The GLB Safeguards Rule and the HIPAA security regulations both mandate the adoption of processes that are designed for the protection and preservation of designated personal information. Sarbanes-Oxley not only mandates the existence of internal controls, but also requires that transactions are properly recorded and preserved. Having an effective business continuity program in place will ensure that important documentation, data, procedures, and systems are properly protected from loss.

Management Support

In order to establish an effective business continuity program, it is important to gain high-level management support and commitment for the process. This support should include not only the financial support to put into place the resources, procedures, and systems to ensure the company can effectively recover in the event of an emergency, but must also include ongoing support for the continued maintenance and testing of business continuity plans to ensure their viability.

Much like purchasing insurance, a practice that most companies identify as a necessary component of doing business, the business continuity planning process must be thought of as an equally, if not more, important necessity to ensure that critical business operations can be immediately restored.

The plan must be part of the strategic business plan, and the company must budget appropriately and separately for the continuity planning program.

An important component of this support is the development and distribution of a top-level policy statement. A well written policy statement provides the following benefits:

  • Affirms the value of business continuity.
  • Acknowledges and accepts the associated costs.
  • Documents management’s responsibilities.
  • Includes the goals and expectations of the plan, as well as any organizational assumptions or parameters.

In addition to a policy statement, the establishment of a steering committee is also an important first step in gaining support and developing effective plans. The steering committee provides the necessary oversight to the process and monitors the effectiveness of business continuity planning.

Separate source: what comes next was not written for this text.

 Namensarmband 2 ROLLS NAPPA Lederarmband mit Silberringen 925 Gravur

Having effective communications is one of the most important criteria to effectively managing a crisis.

In most cases, the steering committee should be composed of high-level members of company leadership from core infrastructure support functions, such as accounting, auditing, information technology, facilities, human resources, legal, public relations, investor relations, operations, purchasing, records management, risk management, safety, loss prevention, distribution, and telecommunications.

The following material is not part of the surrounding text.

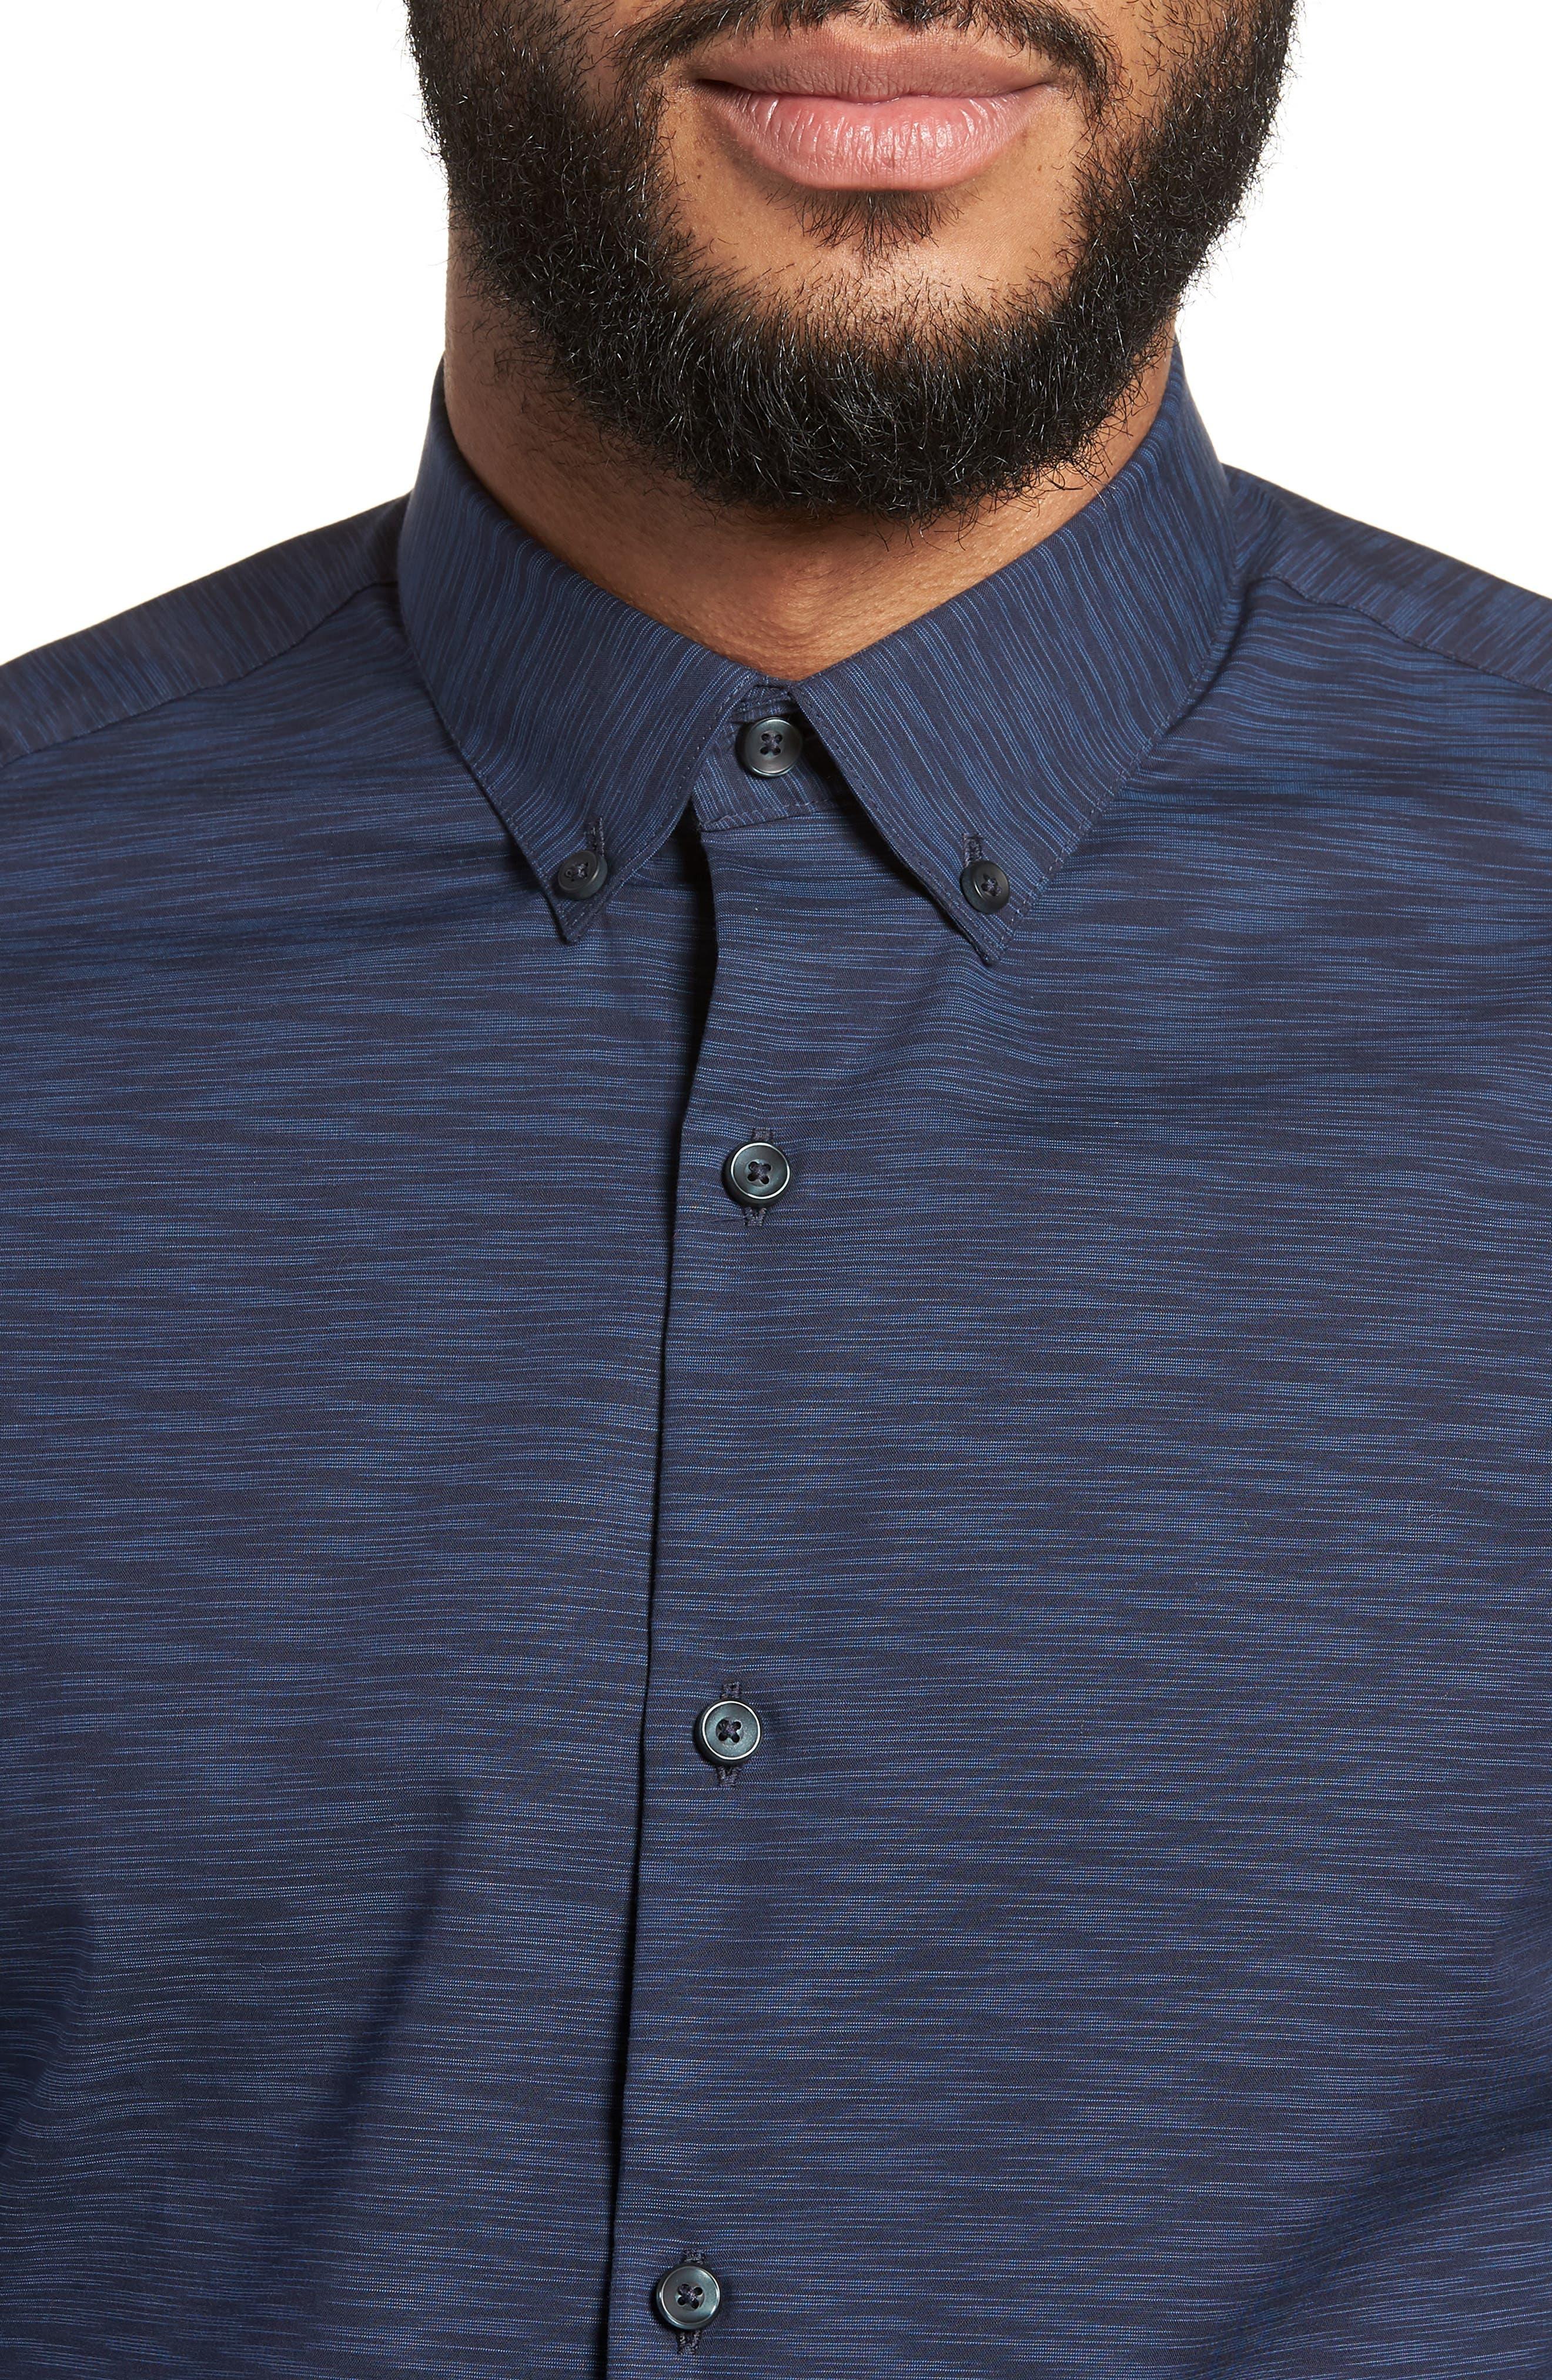 Trim Fit Solid Sport Shirt,                             Alternate thumbnail 4, color,                             Navy Blue Space Dye

The steering committee should meet at least twice annually to review the status of the business continuity planning and development process.

BCP Program Management

Once management support has been gained and a steering committee established, having the appropriate level of human resources available to manage the business continuity process is a critical requirement.

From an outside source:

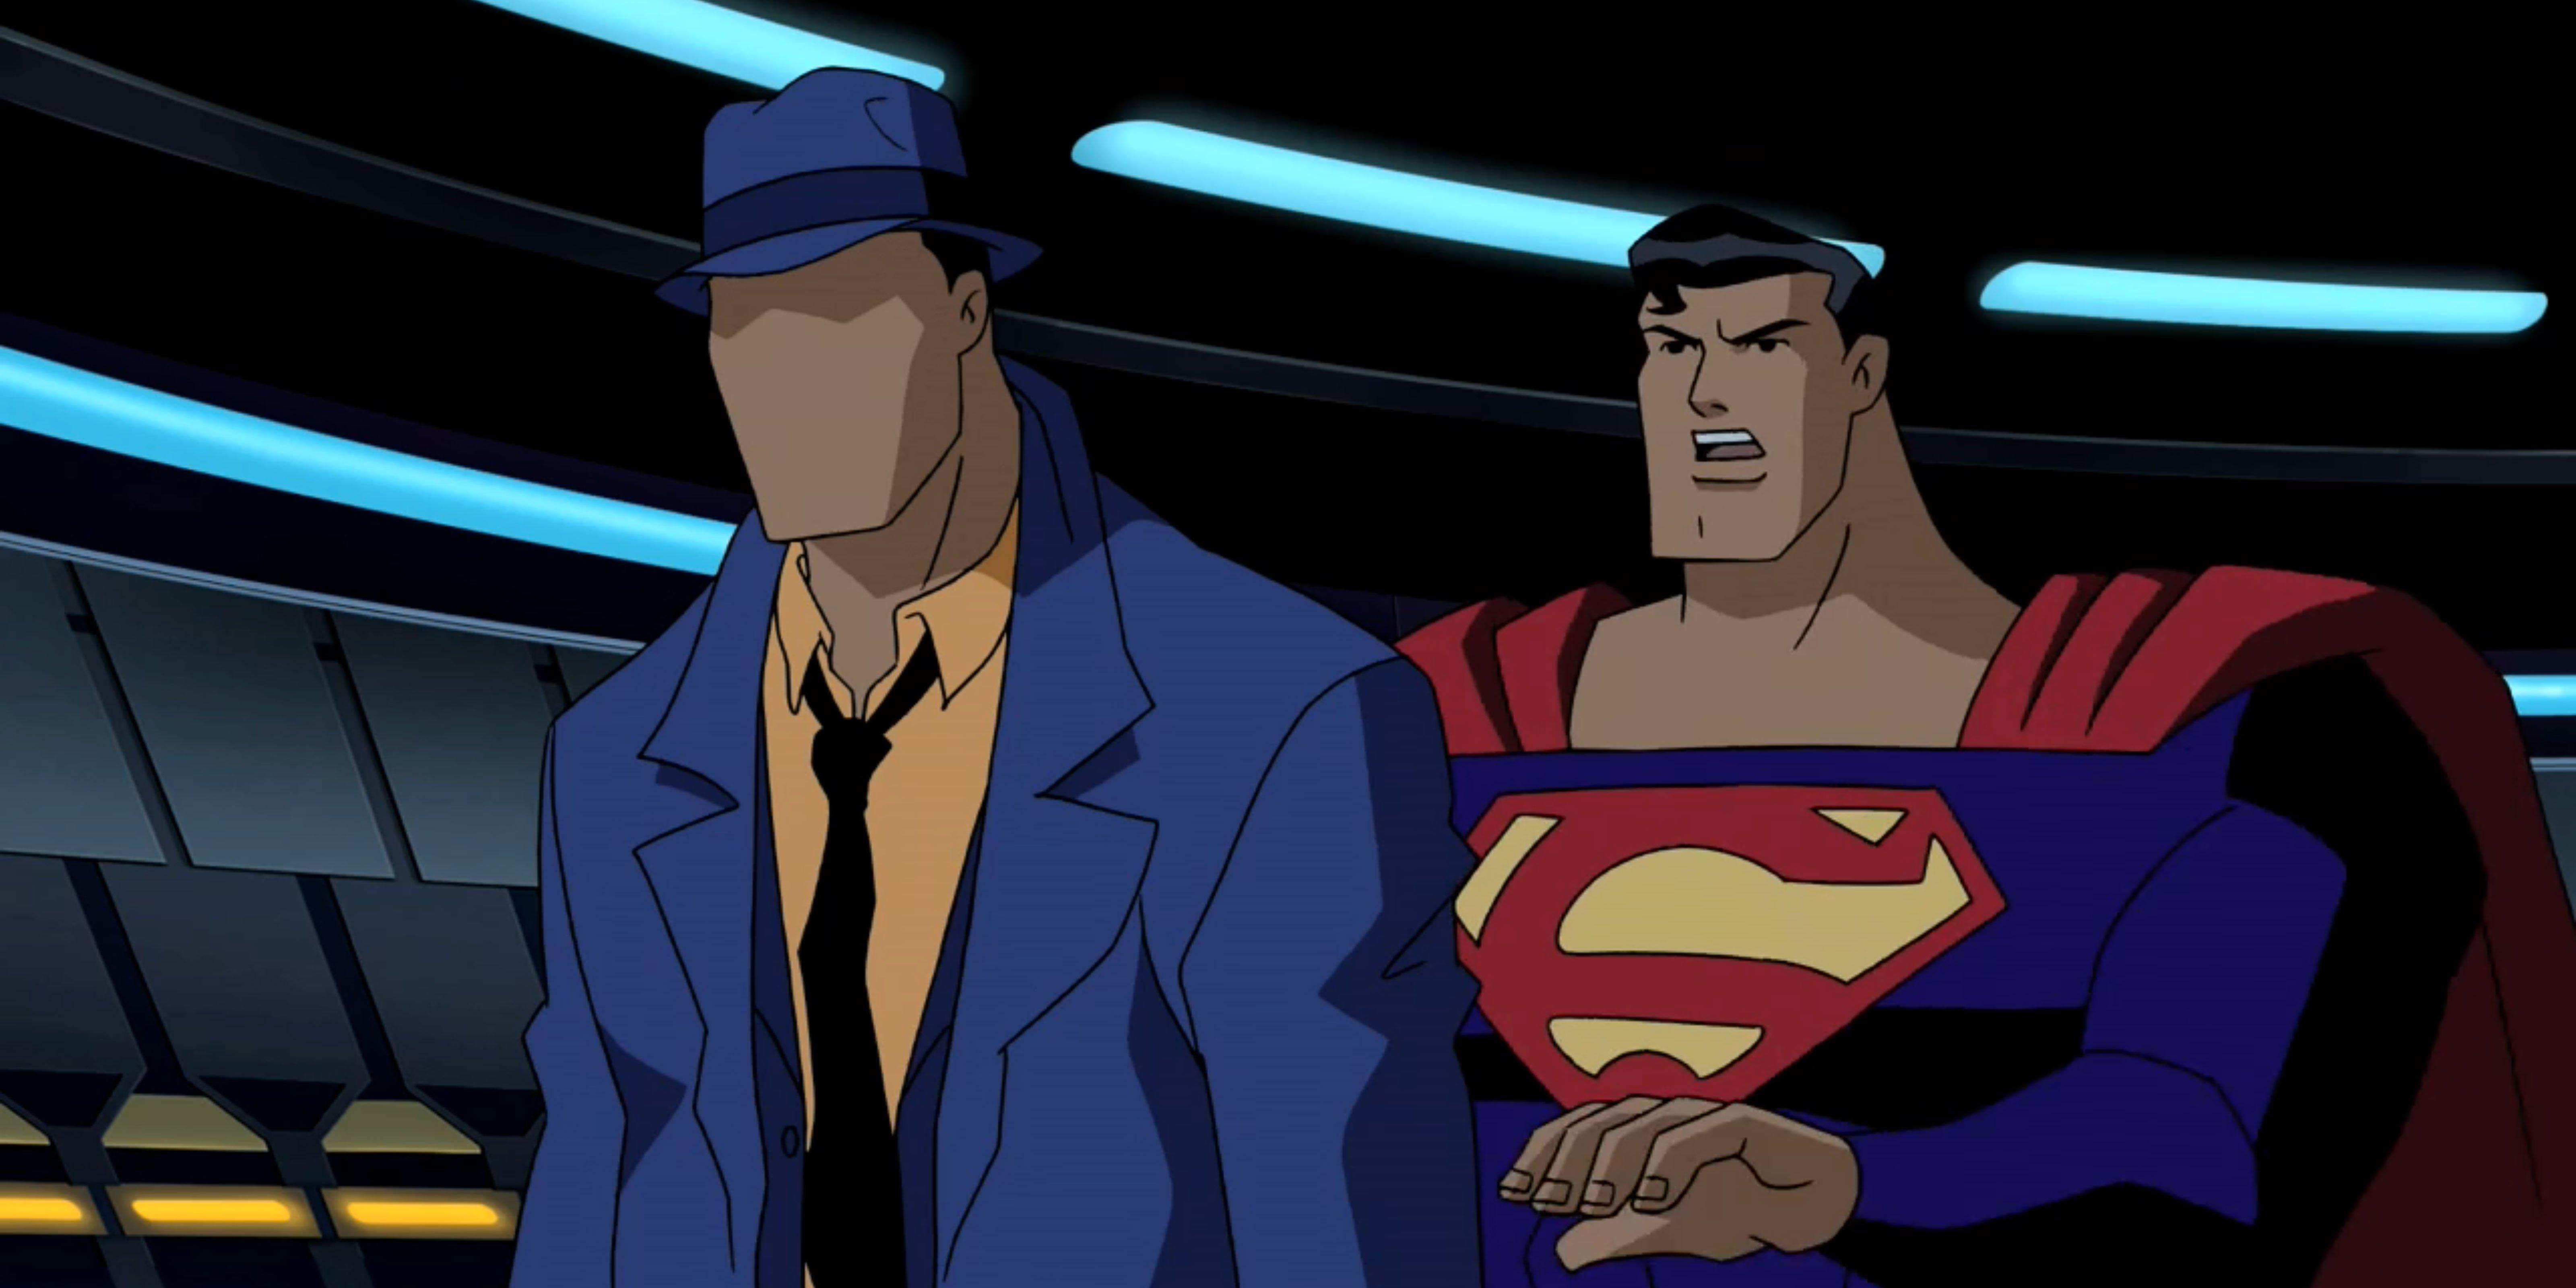 Superman confronts The Question.

In this respect, some companies may choose to outsource this function and have business continuity plans built and managed by an outside vendor. Vendors such as IBM and Sungard can provide a wide range of services ranging from simple consulting to full plan development.

Other companies may find that hiring an in-house business continuity manager is a more effective strategy. Similar to other specialized professions, those who are certified in business continuity planning must fulfill a training and experience requirement and must complete a testing process in order to receive certification by the Disaster Recovery Institute in one of three categories:

1. Associate Business Continuity Planner (ABCP) Skill Level: Basic

This entry-level certification is for individuals who have knowledge of business continuity planning and disaster recovery, but have not yet acquired the necessary experience to become a CBCP.

2. Certified Business Continuity Professional (CBCP) Skill Level: Intermediate

This skill level is designed for the planner with a minimum of two years of experience as a business continuity/disaster recovery planner.

3. Master Business Continuity Planner (MBCP) Skill Level: Advanced

This certification is for the experienced, master-level disaster recovery planner with at least five years of industry experience.

BCP Software

If a company chooses to keep business continuity plan management in-house, it may wish to procure business continuity planning software. The purpose of the software is to provide a dynamic and user friendly solution to managing the large amounts of information often required for developing, maintaining, and updating effective plans.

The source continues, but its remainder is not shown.